I think that artificial intelligence is not very close to being able to understand such stories in a genuine way. Therefore, I would like to sneak up on it gradually by dividing the problem into parts which can be attacked separately. Here are some of the components:
1. A formalism capable of expressing the assertions of the sentences free from dependence on the grammar of the English language. A good test for such a formalism would be to produce a program for translating from the formalism into any of several natural languages. More weakly, it should be as easy for a human to translate from the formalism into a natural language as to translate from one known natural language to another. Let's call this formalism an artificial natural language--ANL for short.

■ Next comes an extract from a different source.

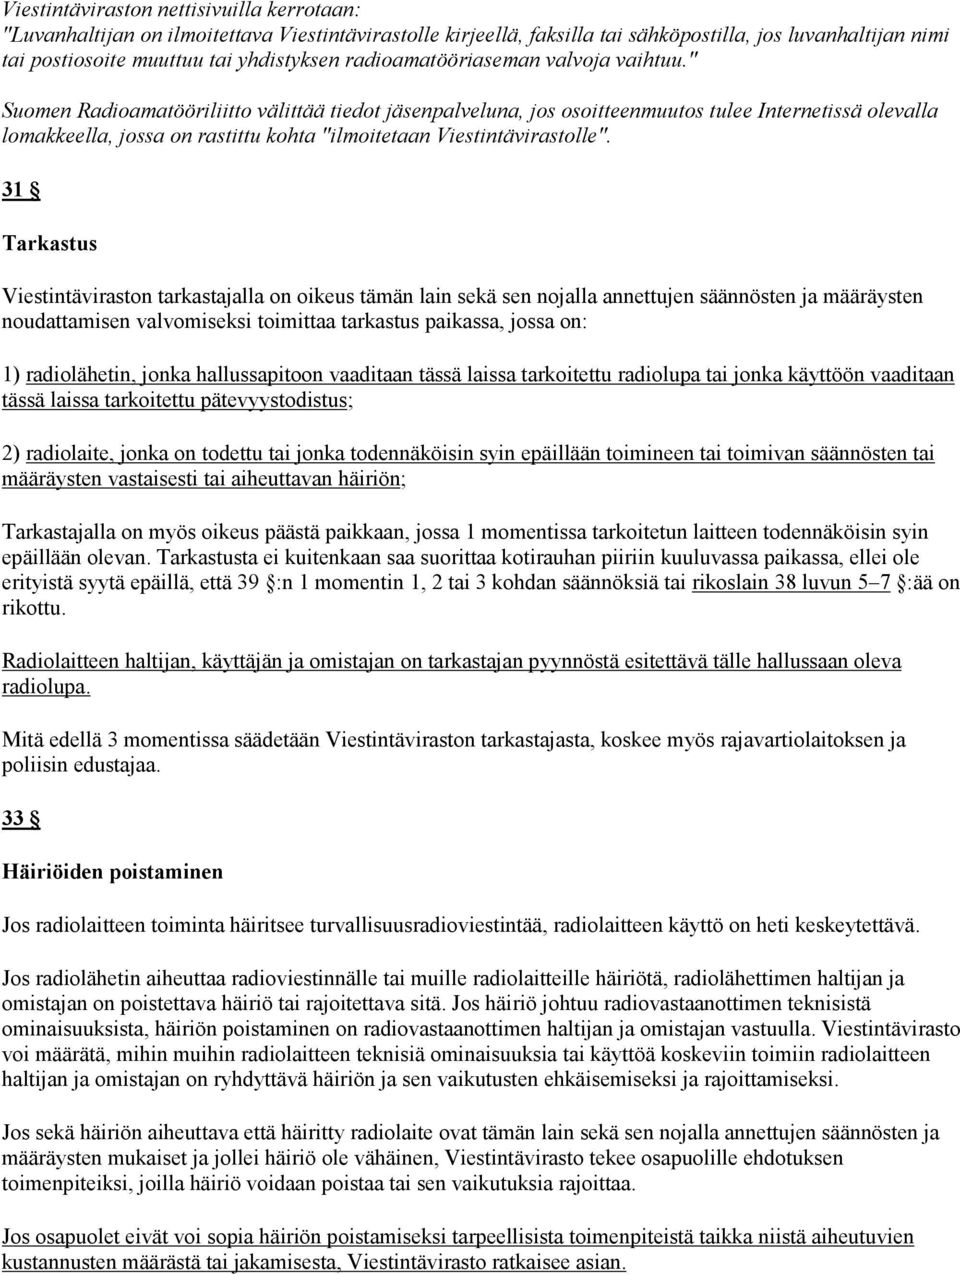 " Suomen Radioamatööriliitto välittää tiedot jäsenpalveluna, jos osoitteenmuutos tulee Internetissä olevalla lomakkeella, jossa on rastittu kohta "ilmoitetaan Viestintävirastolle".
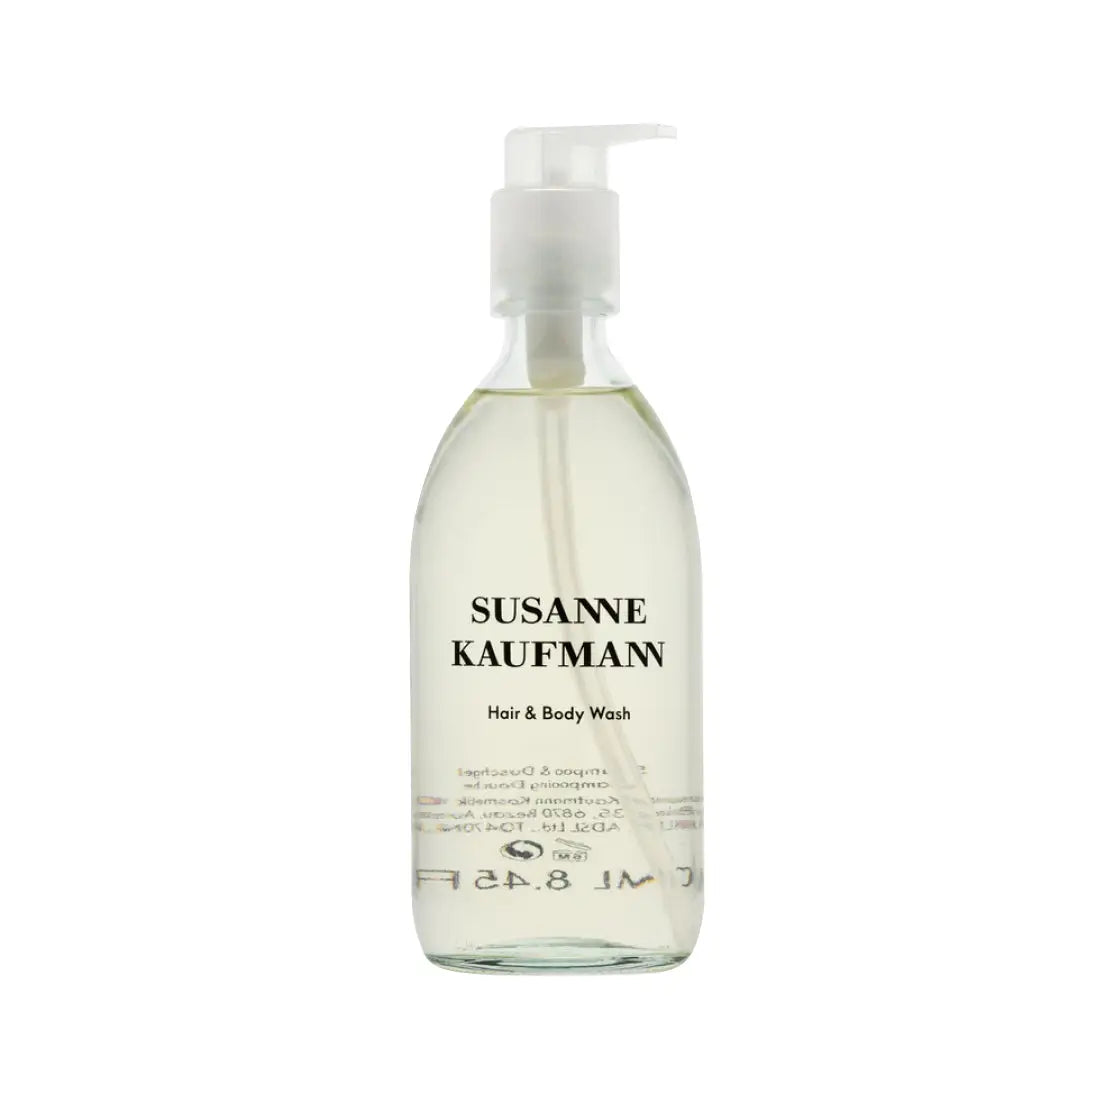 Susanne Kaufmann Hair & Body Wash 250ml

The grammar of ANL should be trivial and mathematical in character. There would be an ``English'' version in which English words were used as identifiers, but there would still have to be a glossary that gives the precise meaning of the identifiers. There would also be a German and a Japanese version. The translation from the English version to the German or Japanese version would be a simple substitution for identifiers, and a German or Japanese who had learned the grammar could then translate into his language with the aid of the German or Japanese glossary.
This idea has some resemblance to the idea of ``deep structure,'' but I have some doubts about whether either idea is well enough defined to say.
2. A data structure for expressing the facts (apart from expressing the sentences). In such a data structure, it would be definite which robber pushed Mr. Hug first, and what the robbers said even though it is not stated in the story. Clearly some compromise is necessary here, since the data structure need not be able to express positions and velocities of molecules. Like the PLANNER languages, as Robert Moore has characterized them in his 1976 MIT Master's thesis, the descriptions would contain no disjunctions, and might be a collection of relations with constants as arguments where every relation not asserted (in a certain class) is automatically denied.
Alternatively, the basis of this data structure might be various networks of nodes described by sentences in the predicate calculus. Some of the sentences would assert that certain programs applied to the data structures would answer certain questions. When such sentences existed, reasoning would include the operation of the programs. In this way, we would expect to avoid the extreme prolixity that arises when we attempt to do even simple calculations by pure predicate calculus deduction.
The test of success for the ``data structure'' would be that a human could readily formally deduce the answers to the above questions using a proof checker. Most of the proof-checker would be straightforward, but there is a major problem concerned with when it is possible to ``jump to a conclusion.''
3. I see each of the following problems as a difficult AI problem:
a. A ``parser'' that takes English into ANL.
b. An ``understander'' that constructs the ``facts'' from a text in the ANL.
c. Expression of the ``general information'' about the world that could allow getting the answers to the questions by formal reasoning from the ``facts'' and the ``general information.'' The ``general information'' would also contain non-sentence data structures and procedures, but the sentences would tell what goals can be achieved by running the procedures. In this way, we would get the best of the sentential and procedural representations of knowledge.
d. A ``problem solver'' that could answer the above questions on the basis of the ``facts.'' We imagine the questions to be expressed in the ``fact'' language and expect the answers in the ``fact'' language, i.e. we avoid grammar problems in both understanding the questions and in expressing the answers.